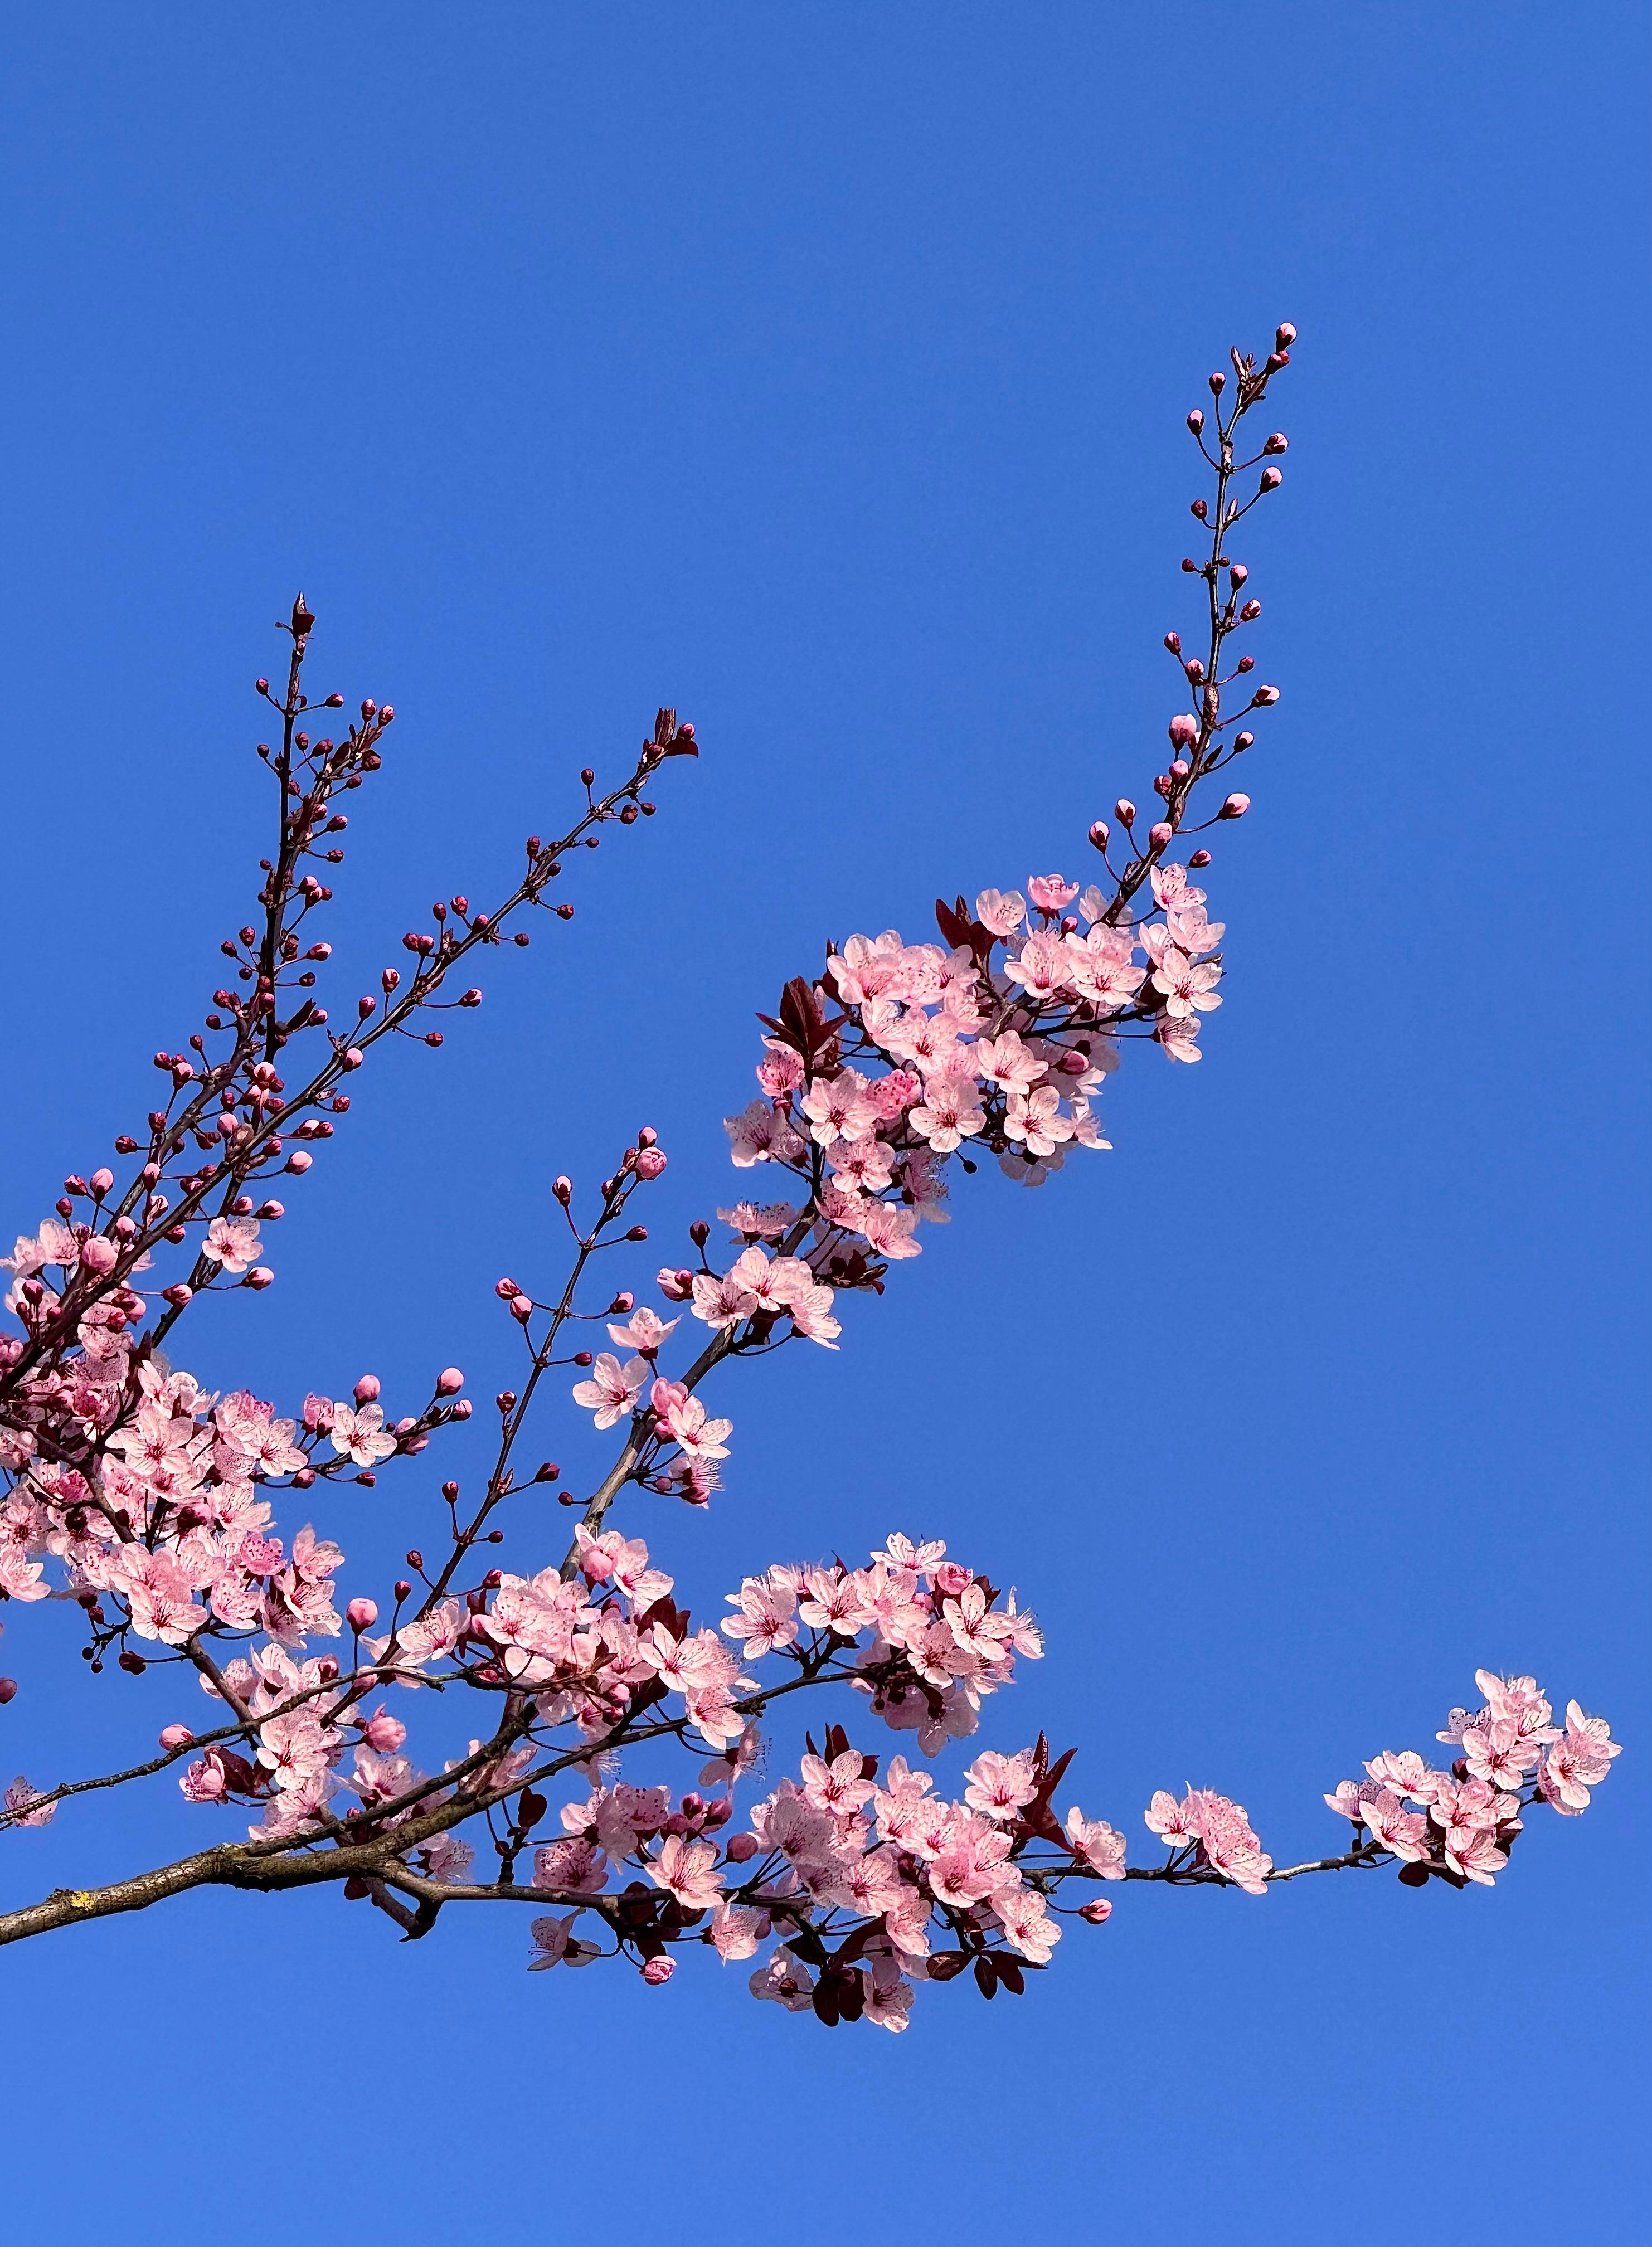 Was war das Wochenende schön 🩷 #Frühling #Natur #Outdoor #Blumenliebe #Farbenliebe #Springiscoming 
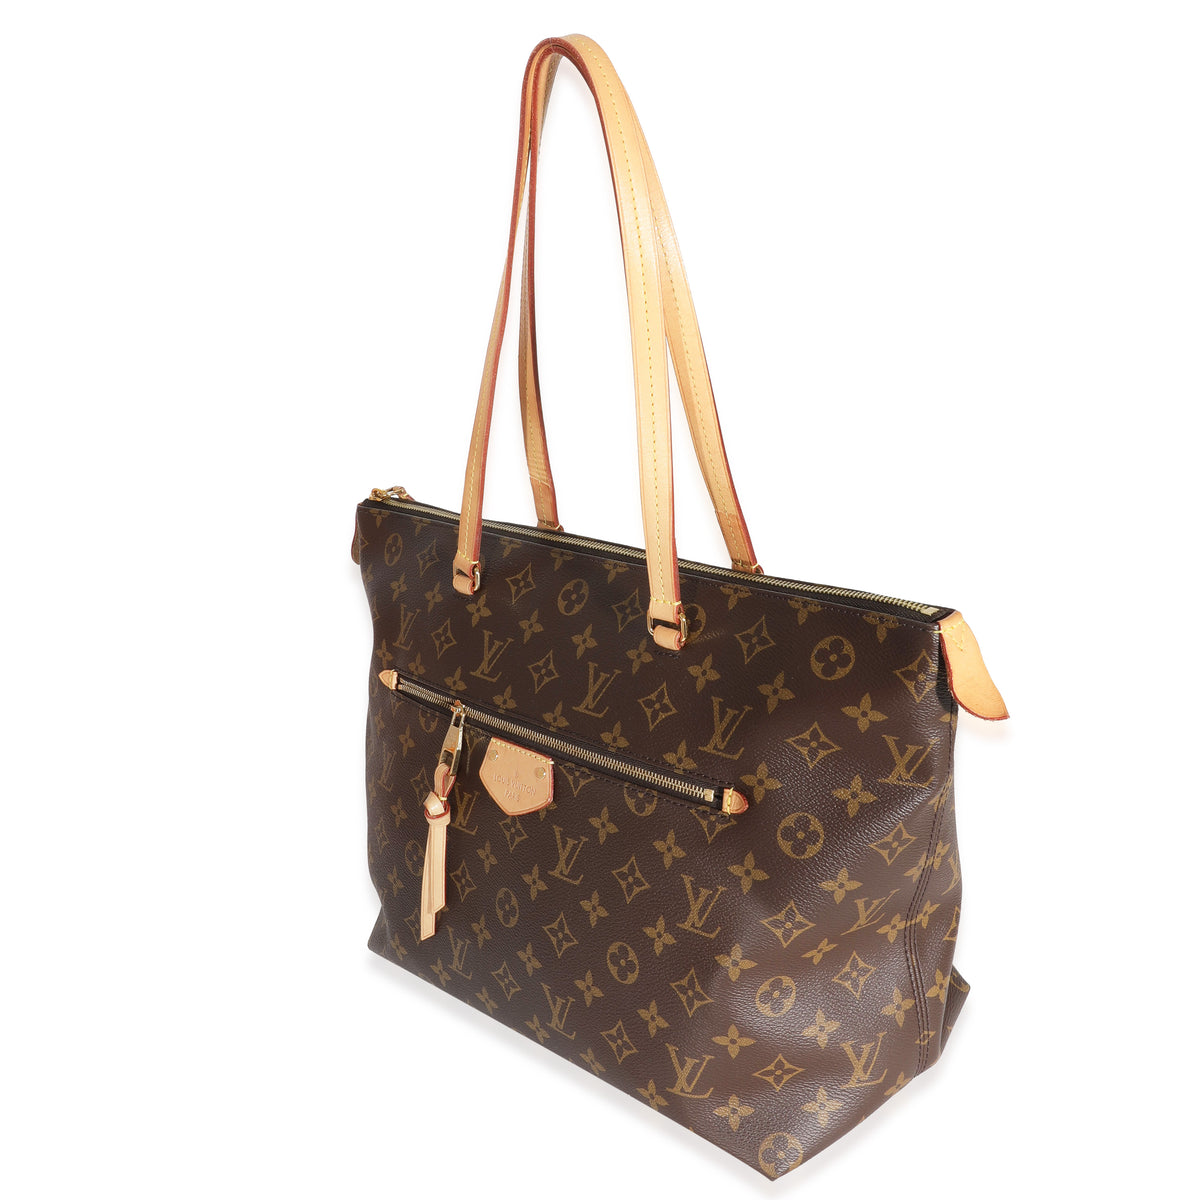 Louis Vuitton Iena Mm Monogram Handbag
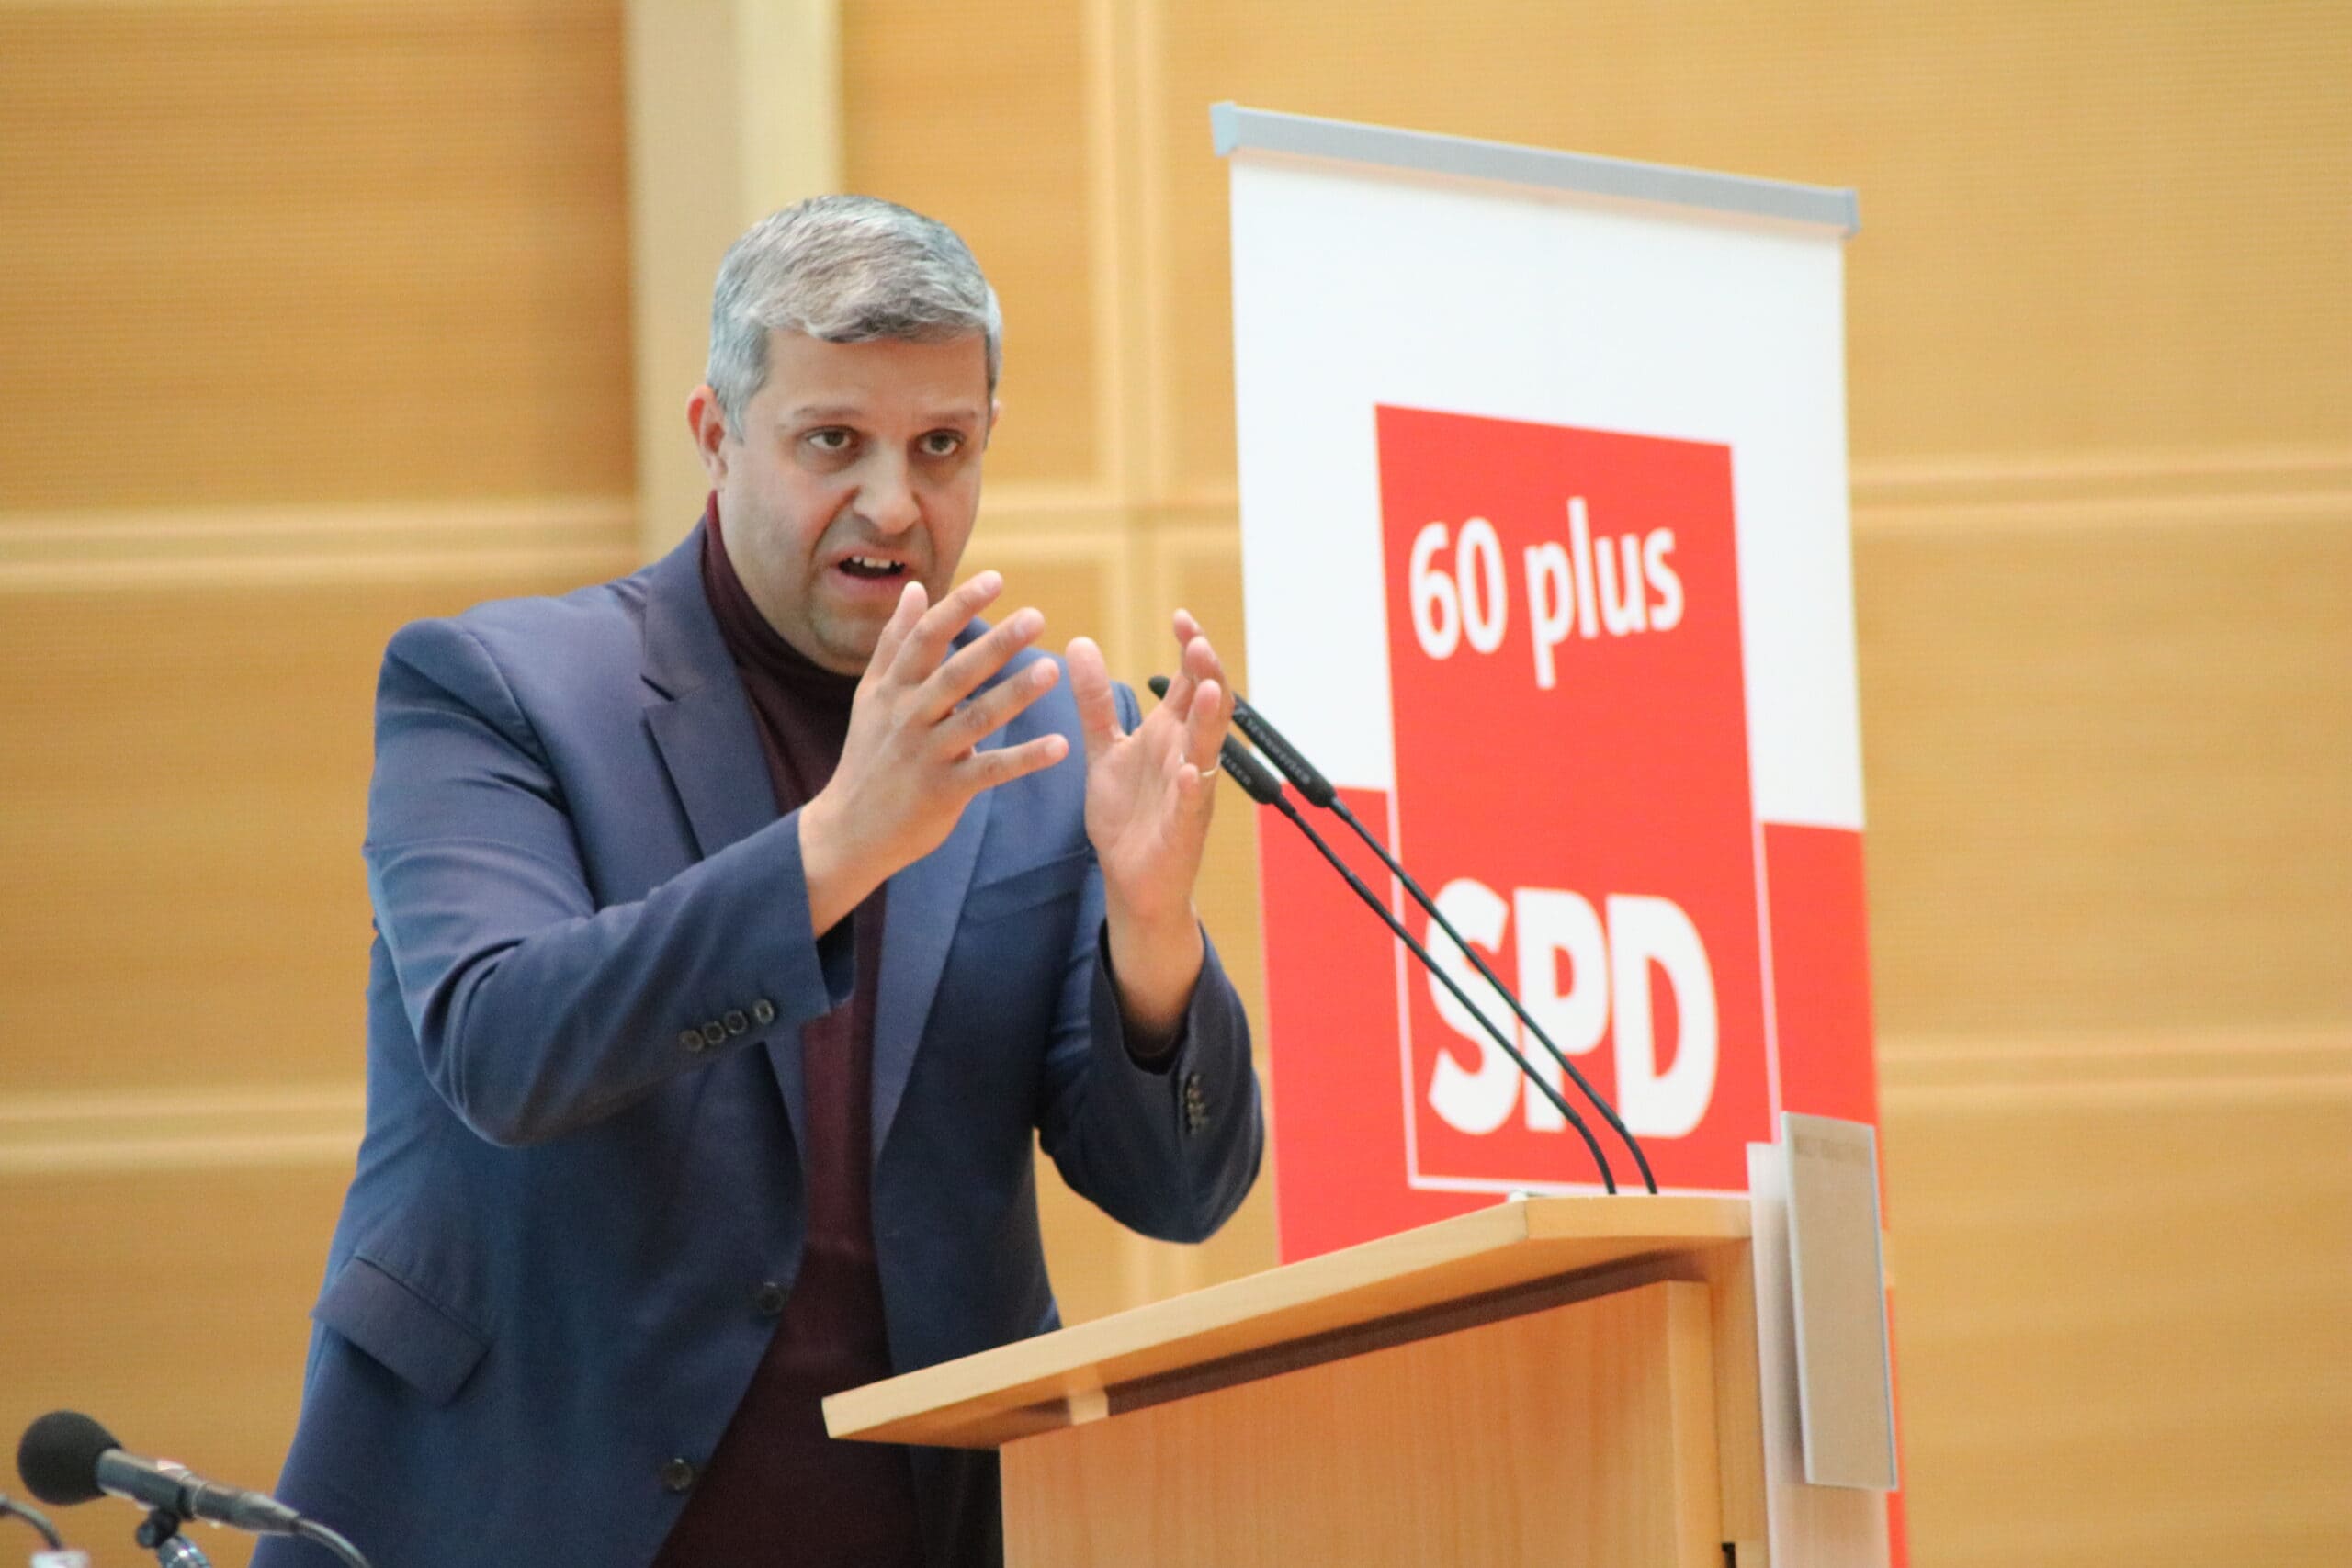 Arbeitsgemeinschaft SPD 60plus 5

Your instructions:
All that is required is an exact reproduction of the lines from the one containing "Louis Vuitton Iena Mm Monogram Handbag" to the final line of the listing above, pictures omitted.

Your solution:
 Louis Vuitton Iena Mm Monogram Handbag
 Arbeitsgemeinschaft SPD 60plus 5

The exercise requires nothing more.